End of Specifications: In lieu of the "END OF SECTION" line used for specification sections, place an "END OF SPECIFICATIONS" line centered after the last line of specification content with an extra line between. If Option 2 is used for location of specification content, use "END OF [SUBSET] SPECIFICATIONS" and replace [SUBSET] with the specific drawing subset title. For example, if the specifications are for the architectural subset, use "END OF ARCHITECTURAL SPECIFICATIONS."
Table of Contents: A table of contents should be prepared so that the reader can quickly ascertain what specifications are provided. The recommendations of the MasterFormat™ Applications Guide should be considered when developing the table of contents. However, since small projects may not use many of the divisions, a range of divisions can be identified as not being used (e.g. "DIVISIONS 03 – 06 (NOT USED)").
For either Option 1 or Option 2 location formats, the table of contents should always be located in the "G – General" subset. If Option 2 is used, then the table of contents should list the sheet numbers where the section is specified. If an entire division is located within a single drawing subset, then a sheet number is provided for the division. If two or more sections within a division are located in different drawing subsets, then a sheet location should be provided for each section (See Figure 5).
Figure 6 provides a partial example of how a sheet specification would appear using the recommendations described in the previous paragraphs.
Preparing Sheet Specifications
The method of editing and adding specification content onto the drawings can be a little more labor-intensive that preparing specifications bound in a project manual. The ease of preparing specifications for drawing sheets depends on the software program or programs used.
The use of word processing software, such as MS Word or WordPerfect, is probably the most efficient way of editing specifications for the drawings. Currently, there are no master guide specifications for sheet specifications from the major publishers of master guide specifications.3 If you subscribe to one of the major publishers, you could create an in-house master from their content.
For those using Revit, as of the date of this article, there is no method available to import a word processor document directly into Revit. The document has to be either inserted into an AutoCAD drawing and then linking back to that file while in Revit, or the entire document is copied and pasted into a Revit text field; however, with the latter, you will lose nearly the entire document formatting.
If the drawings will eventually be converted into portable document format (PDF), then a blank drawing sheet can be converted to PDF and the specification content can be added using a PDF editor with formatting capabilities, such as Adobe Acrobat.
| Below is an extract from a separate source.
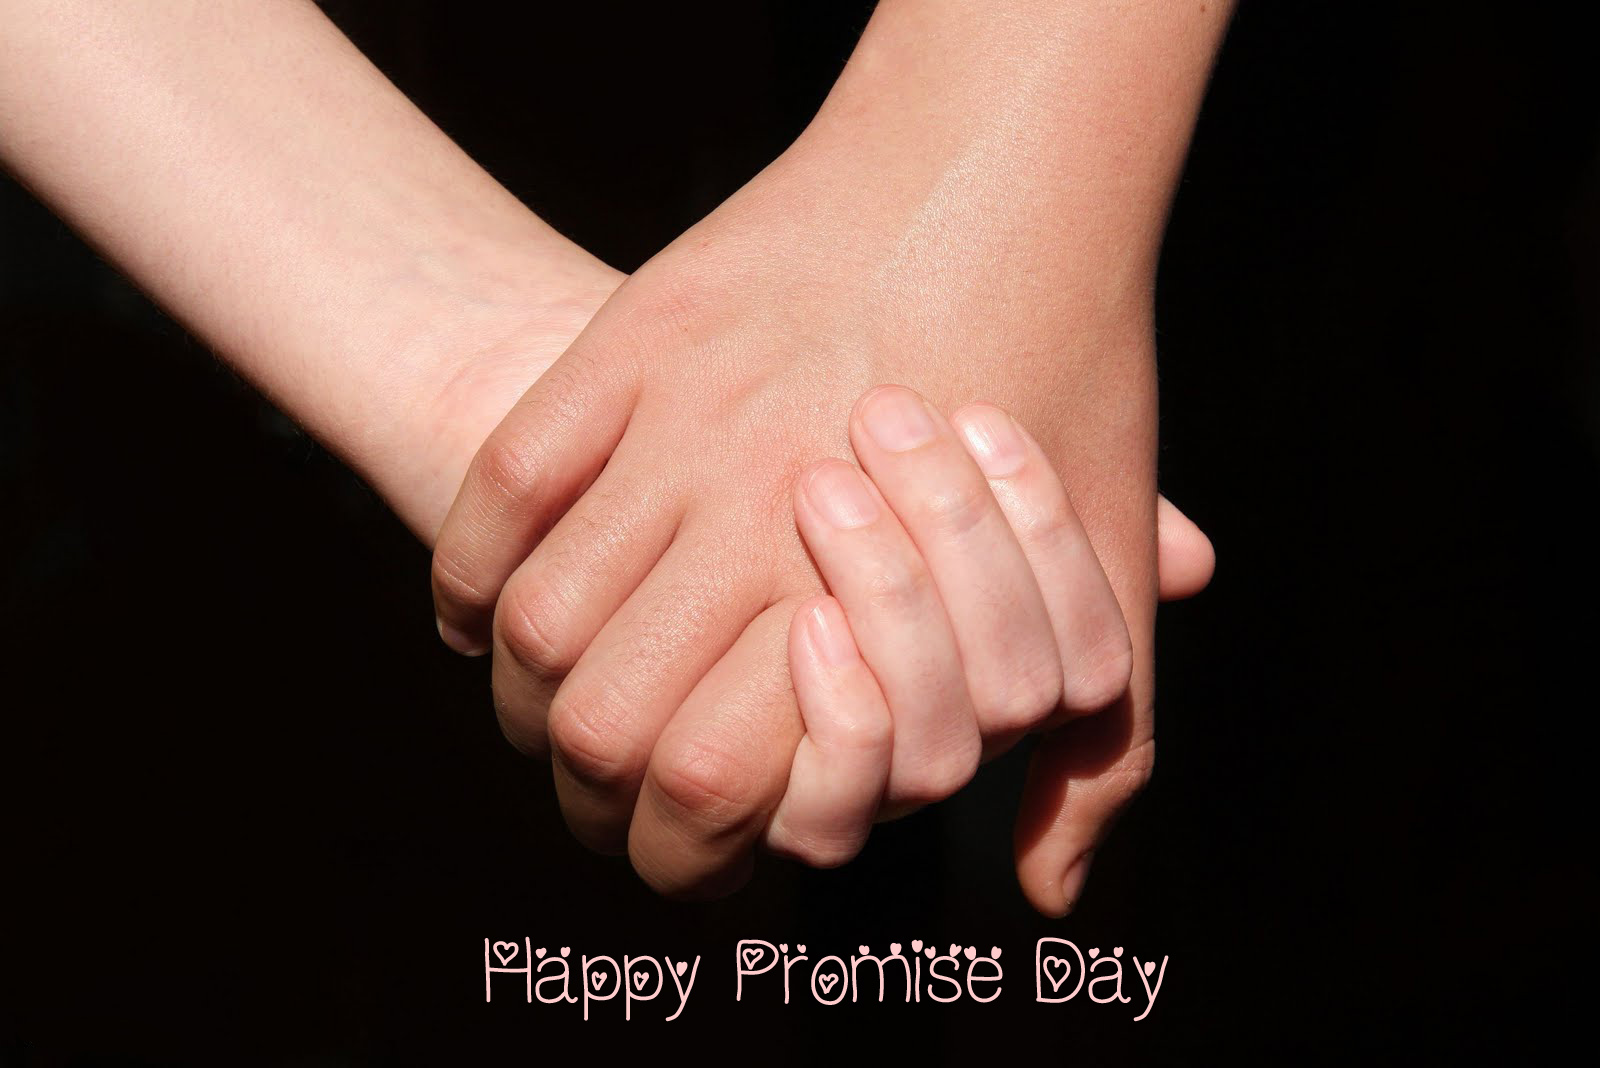 Happy Promise Day Image Pics Photos Wallpaper

This method allows the content to be easily revised without having to use CAD software.
The Future of Sheet Specifications
Sheet specifications will likely be used for projects until the time when all specification information is integrated into the building information model. Since drawing-based specifications will remain in the design professional's toolbox for many years, it may be time to standardize the way the content is presented. Until an organization like CSI develops a nationally recognized standard, this article can be the grassroots of such an effort.
1 CSI is the Construction Specifications Institute and CSC is the Construction Specifications Canada.
2 The UDS is a component of the United States National CAD Standard (NCS) published by the National Institute of Building Sciences (NIBS).
3 Master guide specifications for sheet specifications are available from Kalin Associates (www.kalinassociates.com); however, the format does not follow the one recommended in this article and the content is organized using an older version of MasterFormat™.